Conspiracy to sell drugs is an offence that can come with a stiff punishment. This article provides detailed guidance on the typical sentencing for this offence.

What is the sentence for Conspiracy to sell drugs in 2020?

Conspiracy to sell drugs is an offence that is taken very seriously in UK law courts. It may sometimes be referred to as ‘conspiracy to supply drugs’. The term ‘conspiracy’ is defined by two or more people planning and plotting to do something, in this case, to sell drugs.

Depending on what role you place, conspiracy to sell drugs is an offence that can result in being handed a stiff penalty, quite often, this is in the form of a term of imprisonment.

Being under investigation for any crime can be stressful. If you have found out that you may be charged or arrested for conspiracy to sell drugs, or that the police believe you’re involved in the offence, you’ll most likely be feeling worried.

The best action for you to take now is to seek legal advice. The earlier you take legal advice, the better the outcome can be for you. You’ll be less likely to say or do the wrong thing, and it will also give your lawyers a more extended period to work on crafting your defence strategy, should you need it.

There are some cases where our lawyers have had a case of conspiracy to sell drugs dismissed before it is heard in Court.
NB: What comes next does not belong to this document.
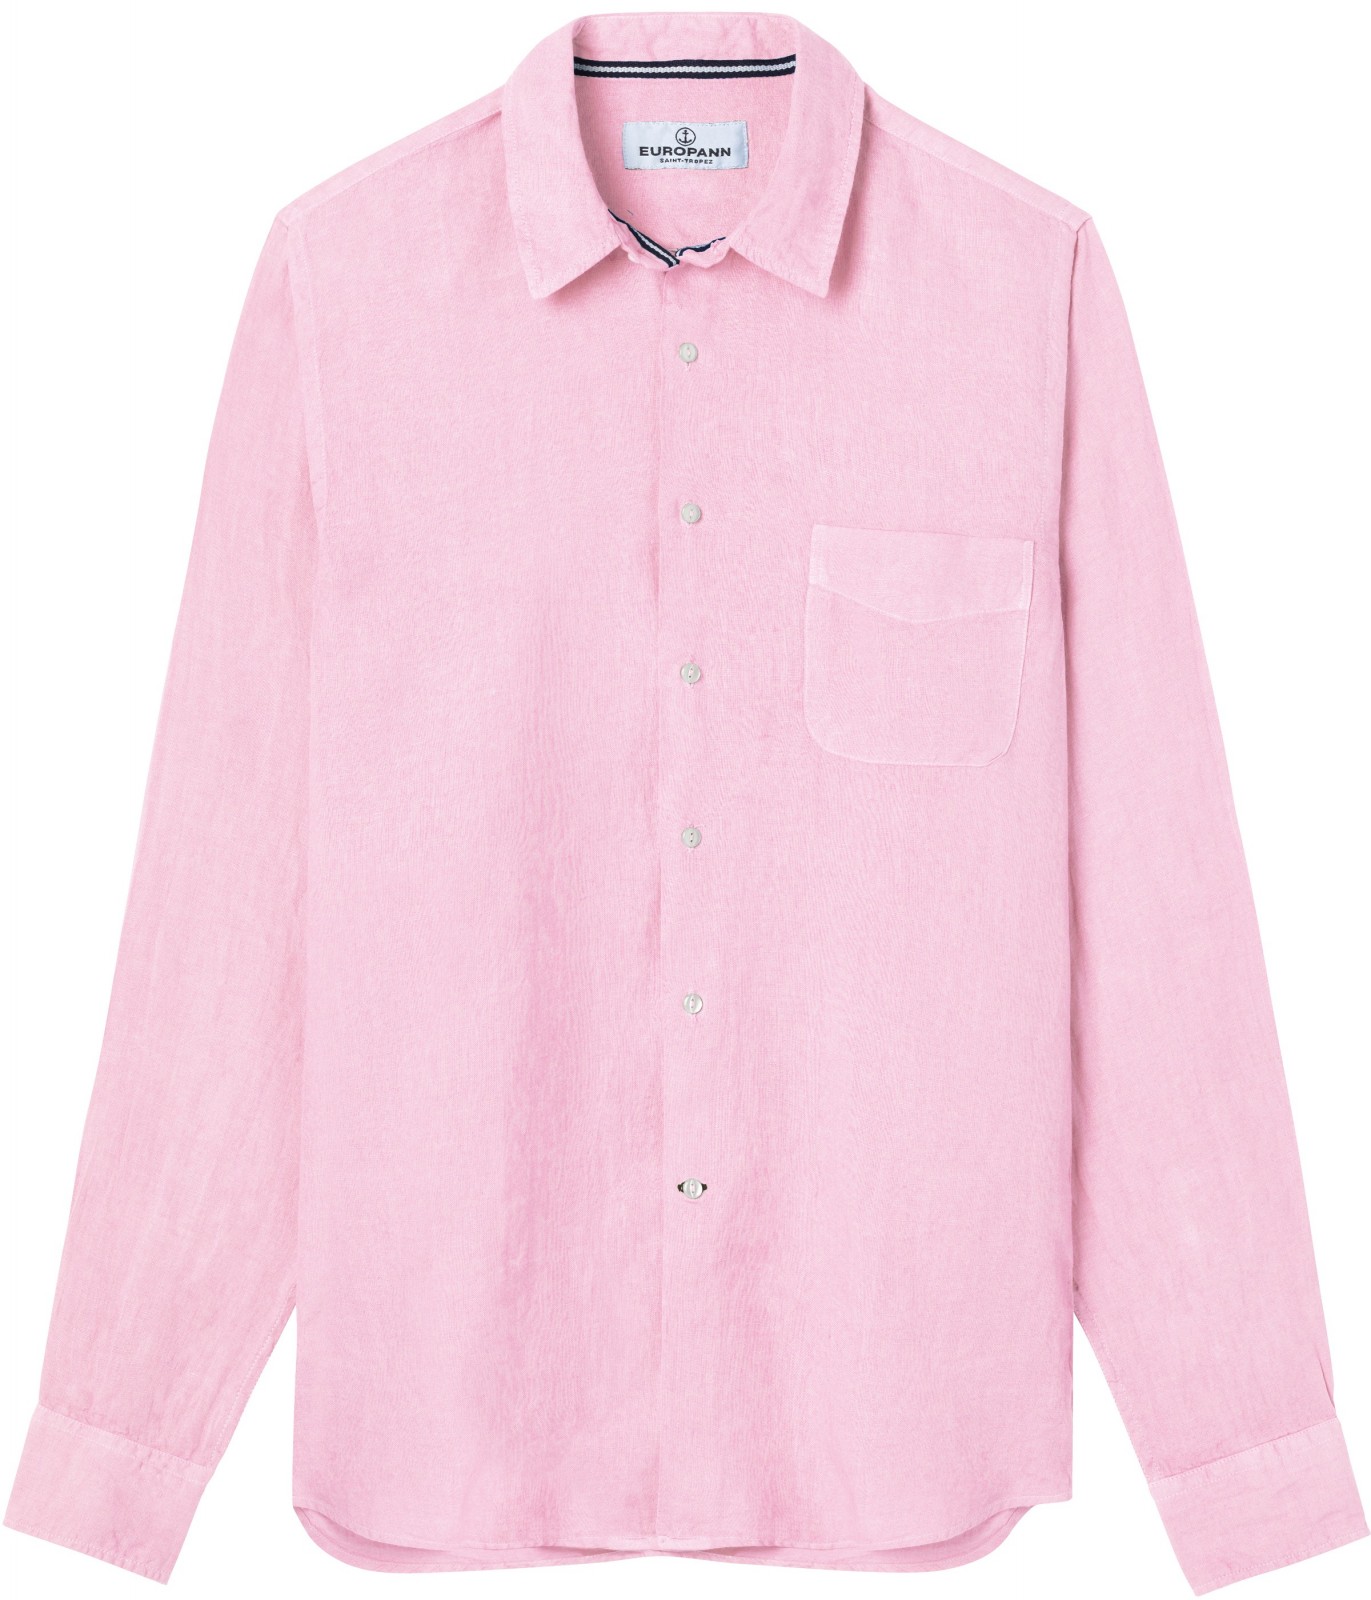 Diva - Plain Linen Shirt Pink 3XL Pink Europann

Of course, being imprisoned and having to live with a criminal record can be hard for anybody. It can negatively impact the relationship with loved ones and family and in some cases stop your career in its tracks. Dependents can be left struggling without a decent income to pay for rent, mortgage or food.

We have put together some questions and answers that people in your position will typically ask. The benefit of reading these is that you’ll be far more aware of what’s involved when an offence of this nature has been committed. If you don’t see something you want to know, then get in touch with us as we are always happy to help.
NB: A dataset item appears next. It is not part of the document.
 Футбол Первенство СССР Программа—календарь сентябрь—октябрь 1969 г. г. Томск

More about conspiracy to sell drugs

It’s important to note that the term ‘conspiracy’, means to agree, and in law, this is interpreted widely. Due to it not being a word that is defined by legislation it can be understood very widely.

Even making the simplest of agreement noises or being in the wrong place at the wrong time can be interpreted as being in agreement and therefore ‘conspiring’ to commit an offence.

Let’s explore some symbolic acts that are categorised as ‘conspiracy to sell drugs’ so that you can see why your situation may fall into a similar position.

The actions of conspirators that can result in prosecution include:

Driving a car to pick up bags of cannabis – for instance, you drive to Wales and collect a sports holdall of marijuana. The act of driving a vehicle is not an offence; however, the act of managing the pick up of cannabis for you or somebody else to sell is.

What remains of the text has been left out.